Stage 1: Pre-training Pruned VAE Decoder

  • A VAE decoder with 50% channel pruning is trained from scratch on OpenImage + LAION-Face + LAION-Aesthetic.
  • Trained for 250K + 250K steps.
  • Loss: L1 + LPIPS + patch-based adversarial loss.
  • Restores the image decoding capability of the pruned VAE decoder.

Stage 2: Adversarial Distillation

  • Jointly fine-tune the UNet with 25% channel pruning and the first-layer block of the Stage 1 pre-trained VAE decoder.
  • Conducts adversarial training using a LoRA-adapted discriminator.
  • Loss: \(\mathcal{L} = \mathcal{L}_{distill} + \lambda_{adv} \mathcal{L}_{adv}\)

Key Technical Details

  1. Temporal Direction Alignment (TDA)

    • After removing the text encoder and timestep embedding, the timestep is fixed to \(t=1\) and the noise is set to \(\epsilon = 0\).
    • A Straight-Through Estimator is used to handle the non-differentiable clipping operation.
  2. UNet-VAE Connection Optimization

    • Connects the UNet output directly to the lowest-resolution first-layer block of the VAE decoder.
    • USes a PixelUnshuffle layer (scale factor of 2) to align the resolution of the latent space and LR image space.
  3. Discriminator Design

    • A lightweight discriminator based on LoRA with a LoRA rank of 4.
    • Learning rate of 1e-6.

Key Experimental Results

Efficiency Comparison

Method Steps Inference Time (s) FLOPs (G) Params (M) FPS
StableSR 200 11.50
DiffBIR 50 2.72
OSEDiff 1 0.11 513 1311
S3Diff 1 0.28
AdcSR 1 0.03 111 340 34.79

Speedup ratio: vs. StableSR 383×, vs. OSEDiff 3.7×, vs. S3Diff 9.3×.

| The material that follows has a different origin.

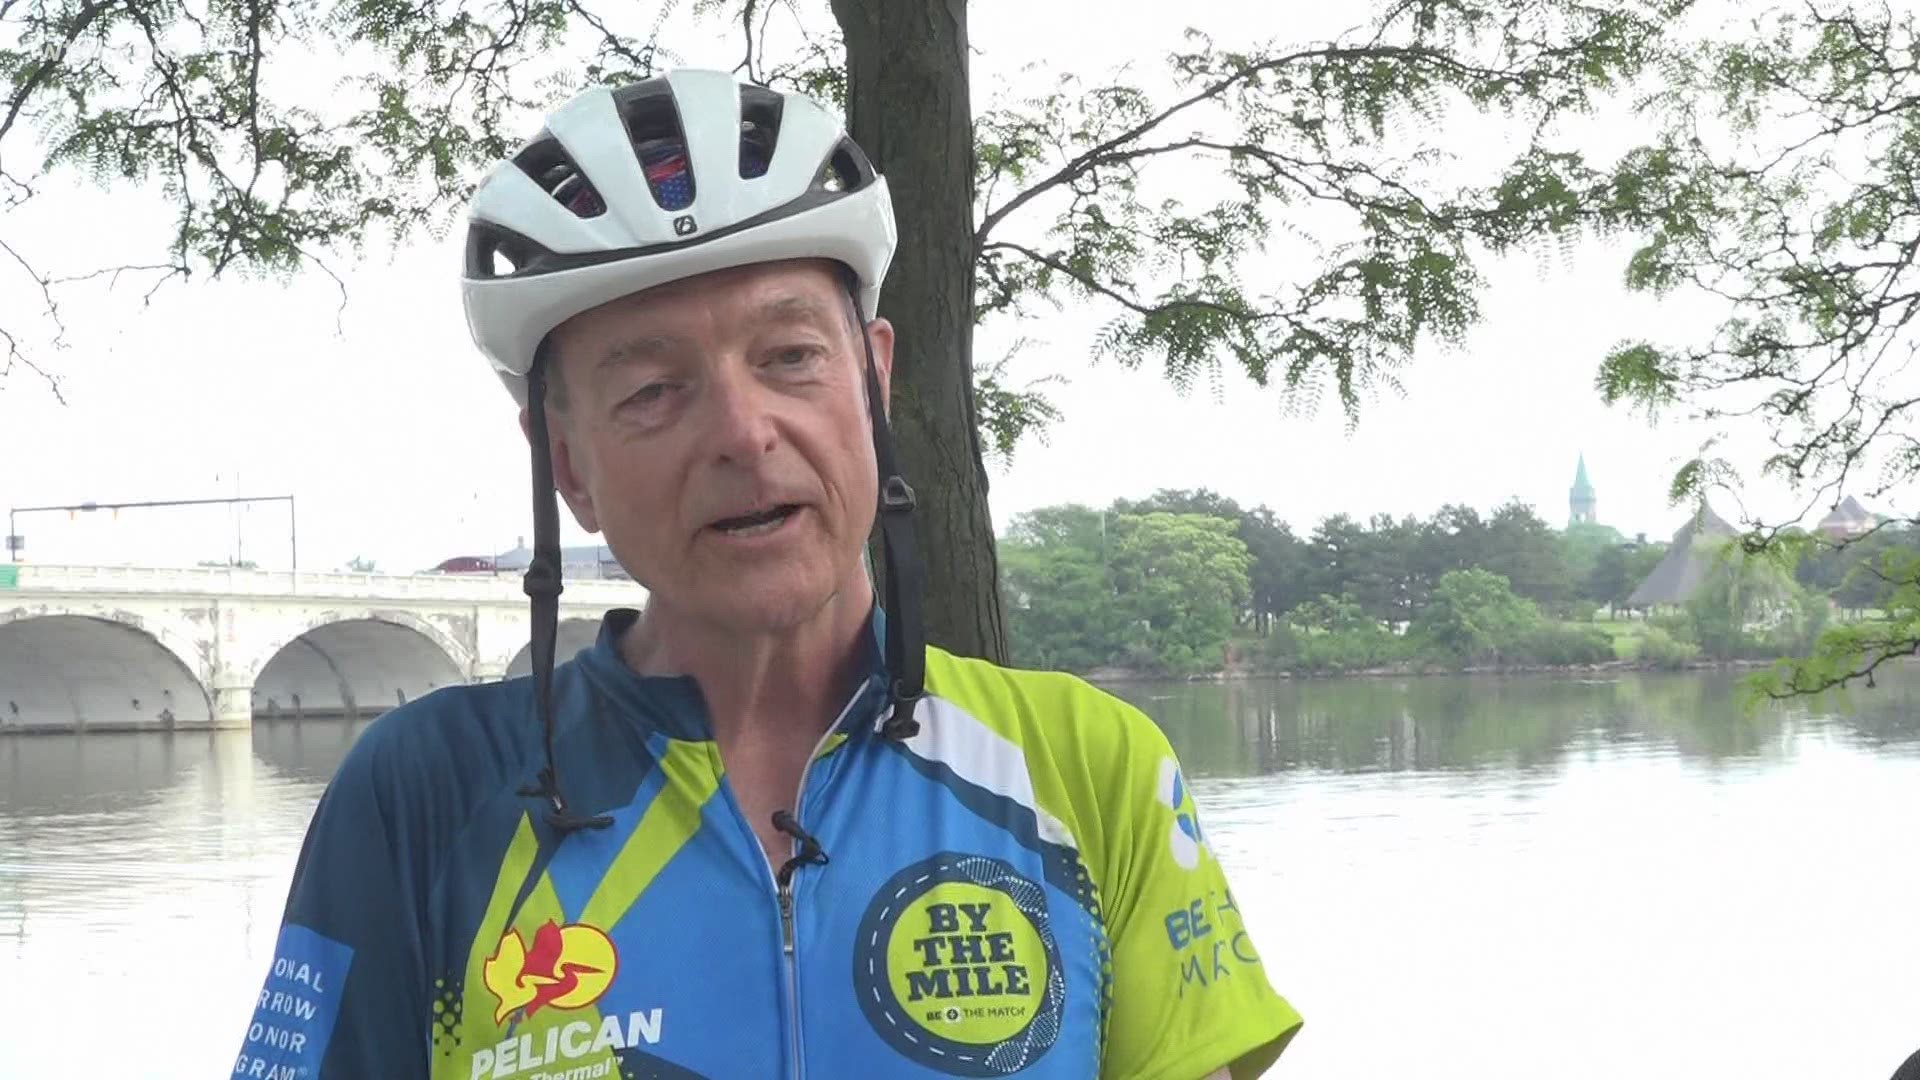 64-year-old Bob Falkenberg, aims to bike 3,500 miles in a hope to raise funds and have donors sign up with Be The Match.

Restoration Quality Comparison (DRealSR)

Method PSNR↑ SSIM↑ LPIPS↓ DISTS↓
StableSR 27.63 0.3317
OSEDiff 28.02 0.3087 0.2239
AdcSR 28.10 0.3046 0.2200

Ablation Study

Configuration PSNR↑ LPIPS↓ Params (M) Time (s)
Keep VAE Encoder 27.97 0.3077 490 0.05
Remove VAE Encoder 28.10 0.3046 456 0.03
Configuration FID↓ MUSIQ↑ MANIQA↑ CLIPIQA↑
Without connection optimization 140.09 65.18 0.5807 0.6756
With connection optimization 134.05 66.26 0.5927 0.7049

Loss & Training

Hardware & Scale

  • 8× NVIDIA A100 (80GB)
  • Batch size of 96
  • Stage 1: 250K steps on OpenImage + 250K steps on LAION-Face/Aesthetic
  • Stage 2: 200K steps on LSDIR
  • Real-ESRGAN degradation pipeline to synthesize LR-HR pairs

Degradation Pipeline

Uses the high-order degradation model from Real-ESRGAN, including multiple stages of degradation such as blur, downsampling, noise, and JPEG compression.

Highlights & Insights

  • Systematic module classification scheme: Instead of mindless pruning, the role of each module is analyzed first before deciding on removal/pruning strategies.
  • Removing the VAE encoder actually improves quality (PSNR +0.13), indicating that redundant components might introduce noise.
  • 34.79 FPS is the first real-time super-resolution speed achieved by a diffusion model.
  • Key to the two-stage design: First restore VAE decoding capability, then conduct end-to-end distillation to avoid performance collapse caused by one-step-to-destination compression.
  • The Straight-Through Estimator addresses the non-differentiability of clipping, which is a noteworthy engineering detail.
  • Scores better in LPIPS/DISTS compared to the teacher OSEDiff, demonstrating a "the student surpasses the master" effect after distillation.